Beetle leaves with crab.
Beetle leaves with crab.

Best of all for visitors to Oaks Kitchen and Garden, between Cairns and Port Douglas, they get to sample the fruits of Boon’s labour and the impressive culinary skills of her husband, Ben Wallace.

The pair began offering Southeast Asian cooking classes in 2017 at the 1.6ha property, which belongs to Boon’s father, a Thai restaurateur who previously owned eateries in Port Douglas and now lives in Chiang Mai.

Guests soon became so enamoured of Wallace’s cooking they asked if they could skip class and go straight to the eating. Suddenly, they had a restaurant on their hands too.

It’s a quirky venue; a converted shed open to the elements on two sides and strung with fairy lights.

Boon, who is also an artist, has left her broad, cheery brushstrokes on some of the walls, and there’s a hodgepotch of vintage furniture stacked with crockery, glassware and homemade pickles. Diners perch at an assortment of timber tables, topped with vases of flowers and greenery from the garden while a wood-fired grill is ablaze in one corner.

This may be no fine diner, but whatever it lacks in decor, it more than makes up for with such delicious cuisine I am raving about it for days afterwards.

Wallace’s CV includes stints at hatted Melbourne eatery Easy Tiger, six years in Europe and three years as sous chef at the acclaimed Longrain in the Victorian capital. He is ably assisted by Keelan Gallogly, formerly of Baillie Lodges and with 10 years at Rockpool under his belt. Together, they take us on an eight-course tour of Southeast Asia that begins with betel leaves laden with crabmeat, peanuts, ginger and lime, and concludes with a light-as-a-feather butterfly pea tea custard with taro and palm caramel.

Rachael Boon and Ben Wallace of Oaks Kitchen and Garden.
Rachael Boon and Ben Wallace of Oaks Kitchen and Garden.

Along the way we try coral trout carpaccio with green ants, a sour orange curry of Spanish mackerel and snake beans, plus smoky grilled eggplant with kangkong or water spinach.

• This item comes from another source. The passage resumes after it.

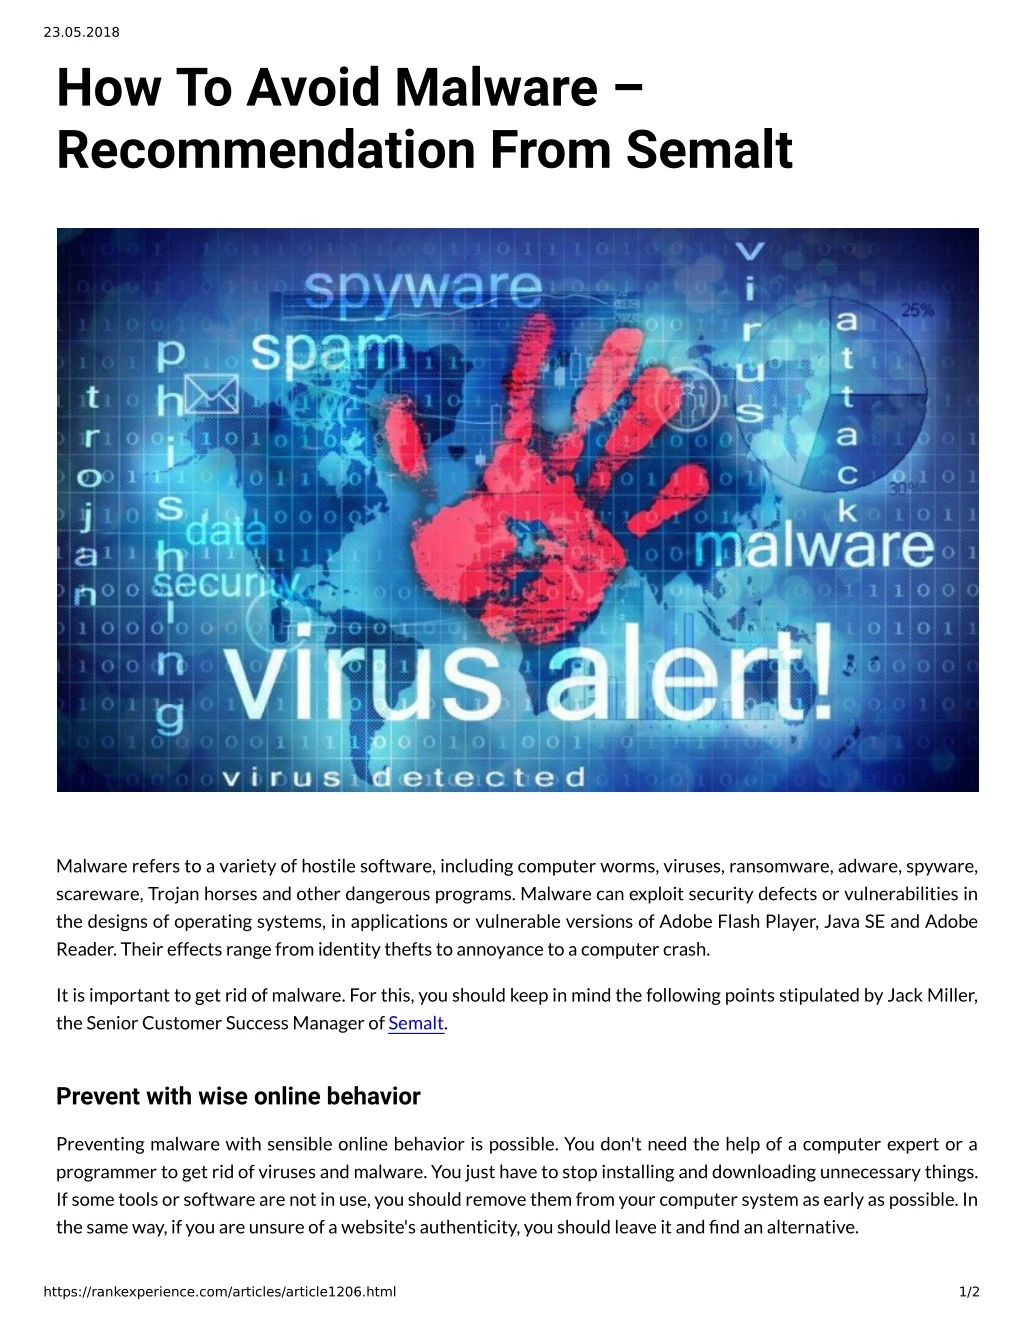 23 05 2018 how to avoid malware recommendation

Our tastebuds are zinging with the triumvirate of sweet, sour and spicy flavours, and a bottle of Jim Barry riesling brought with us proves an excellent accompaniment on this warm autumn afternoon.

Wherever possible, Boon and Wallace source their ingredients locally, including pasture-raised Sommerlad chickens that are protected by Maremma guard dogs on a cane farm overlooking Hinchinbrook Island. If the couple can’t grow it themselves, they like to support producers nearby and up on the Atherton Tablelands, a veritable food bowl where everything from coffee to avocados and macadamia nuts is produced.

“If it grows up here, we’ll use it,” Boon says.

“We’re surrounded by amazing produce,” adds Wallace.

Indeed, it feels like we have stumbled upon some kind of tropical Eden; a bountiful place where almost anything grows. Boon and Wallace met when they were working at Sydney’s Manly Pavilion, one at front of house, the other in the kitchen.

Together they have forged a path that plays to both their strengths.

Penny Hunter was a guest of Tourism Tropical North Queensland.